Les signaux d’« altseason » repassent au vert. Cette semaine, plusieurs tableaux de bord ont convergé vers des lectures fortes, au plus haut depuis décembre. Le constat ne repose pas sur un seul thermomètre : l’Altcoin Season Index du site Blockchain Center et l’indicateur de CoinGlass pointent tous deux nettement au-dessus de leur zone neutre, pendant que l’outil de CoinMarketCap grimpe aussi, quoique plus prudemment. En filigrane, un même message : sur 90 jours, une large majorité d’altcoins surperforment Bitcoin, avec un marché qui redevient « risk-on ». La suite dépendra moins du slogan « altseason » que du carburant réel : les volumes nets, la profondeur des carnets et la continuité des flux.
Indices : ce que mesure vraiment l’Altseason
L’indice de Blockchain Center déclare une altseason lorsque au moins 75 % des 50 plus grosses capitalisations (hors stablecoins et tokens adossés) font mieux que BTC sur 90 jours. Autrement dit, il s’agit d’un baromètre de dispersion, pas d’un signal d’achat isolé. Ces approches n’anticipent pas, elles constatent un leadership des altcoins déjà en place, ce qui implique d’exiger une confirmation côté flux et liquidité avant de tirer des plans sur la comète.

Flux et capitalisation : le marché se rapproche des sommets
Le contexte de marché renforce ce tableau : la capitalisation des altcoins (mesurée hors Bitcoin, et parfois hors ETH selon les métriques) se rapproche des pics des derniers cycles. Les courbes de TradingView sur TOTAL2 (ex-BTC) et TOTAL3 (ex-BTC & ex-ETH) montrent un marché agrégé à portée des sommets 2024, avec des passages rapides en « découverte de prix » lors des accélérations. Pratique pour lire l’appétit global.
Reste l’essentiel : maintenir des entrées nettes et une microstructure saine (spreads et profondeur) pour éviter les « souffles courts » typiques de fin de jambe haussière. Dans ce contexte de métriques de marché, l’analyse devient cruciale.

Ce que regardent les traders : risk-on, mais conditionnel
Côté sentiment, plusieurs commentateurs soulignent que la rotation s’élargit (des grosses capitalisations vers des tokens moins capitalisés) à mesure que les indices d’altseason progressent. L’idée est simple : tant que la domination de BTC s’effrite et que les entrées sur produits listés (ou sur les principaux CEX) restent positives, le terrain reste favorable aux extensions haussières. Mais la prudence revient vite lorsque les flux s’épuisent : un indice élevé sans relais de volumes finit souvent en range ou en essoufflement.

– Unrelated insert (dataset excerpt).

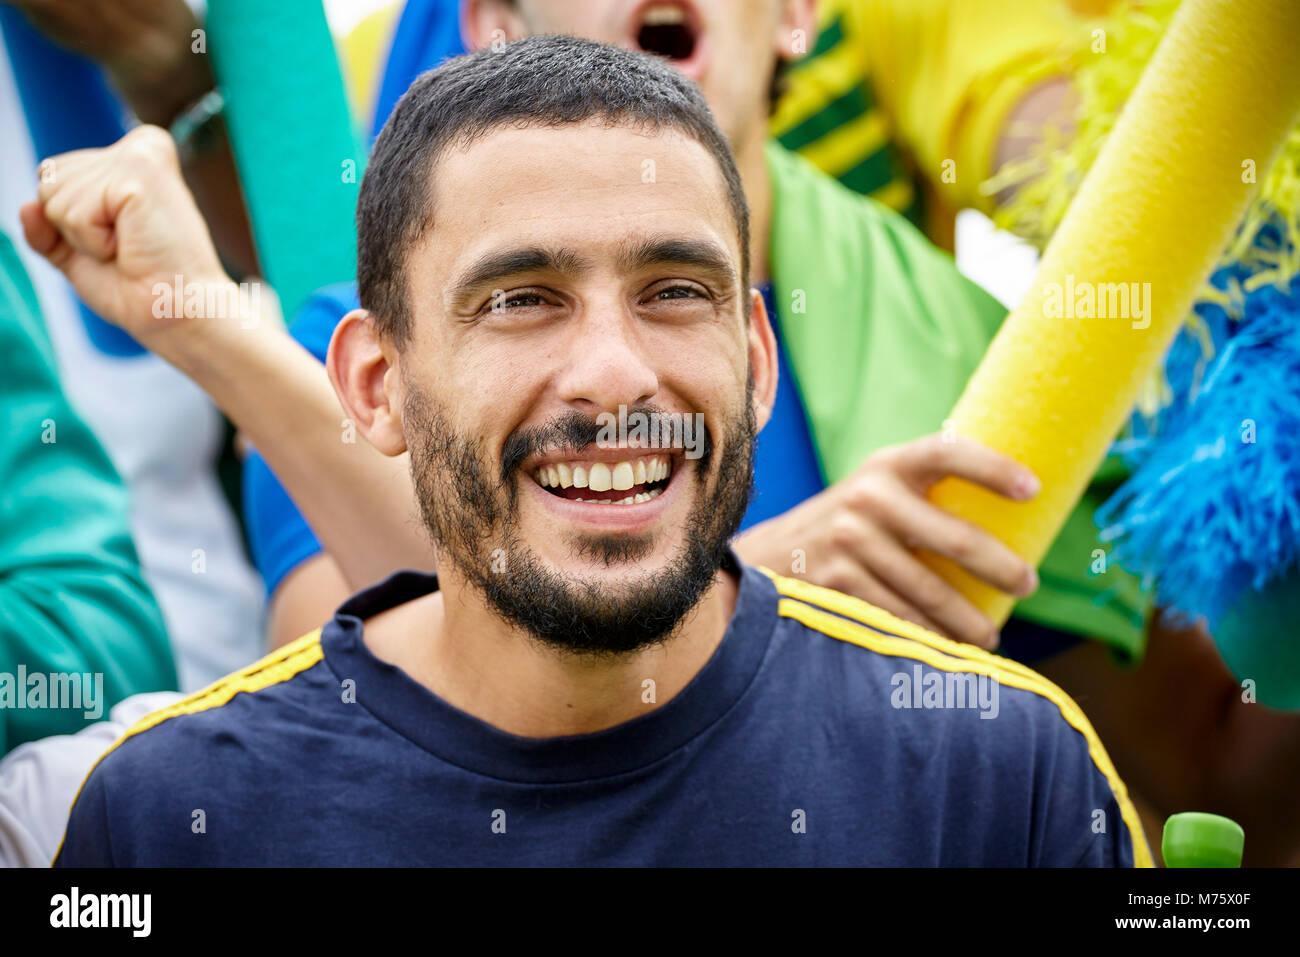 Mann fröhlich lächelnd an Fußballspiel, Porträt Stockbild
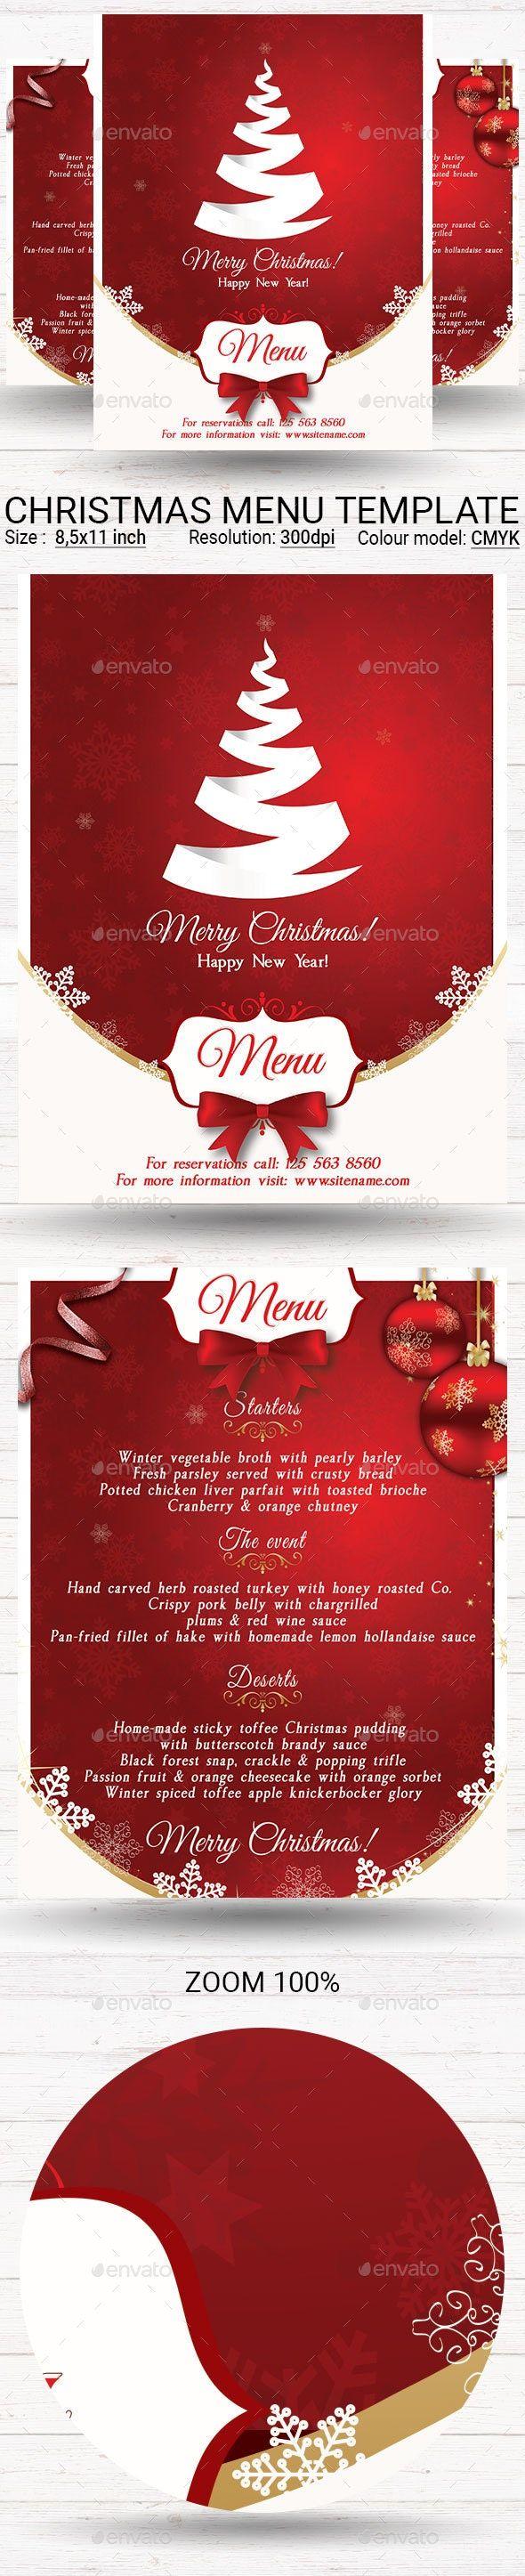 Christmas Menu Christmas Menu Menu Template Restaurant Flyer

Les traders s’attachent donc à trois confirmations tangibles : des clôtures au-dessus de résistances visibles sur les agrégats (TOTAL2/TOTAL3), des volumes en progression sur cassure et retest, et l’absence de divergences prolongées sur les oscillateurs clefs. Cette dynamique s’inscrit dans la lignée des récentes observations sur le retour des altcoins analysées par les experts du secteur.
Les pièges classiques d’une « altseason »
Une lecture purement binaire (« au-dessus de 75 = parabolique ») a ses limites. D’abord, l’indice capture la performance relative, pas la robustesse des flux. Un marché peut afficher 76/100 tout en manquant de profondeur, ce qui amplifie les mèches et fragilise les breakouts. Ensuite, la dispersion interne importe : un panier d’altcoins peut surperformer grâce à quelques locomotives alors que la médiane reste molle. Enfin, la liquidité en sortie compte autant que l’entrée : si les carnets se vident à la première secousse, la rotation tourne court.
En pratique, les desks surveillent donc les agrégats (TOTAL2/TOTAL3), les indices d’altseason et les flux de manière conjointe. Quand les trois s’alignent, la probabilité d’une jambe haussière durable augmente ; quand l’un des trois décroche, la consolidation reprend la main.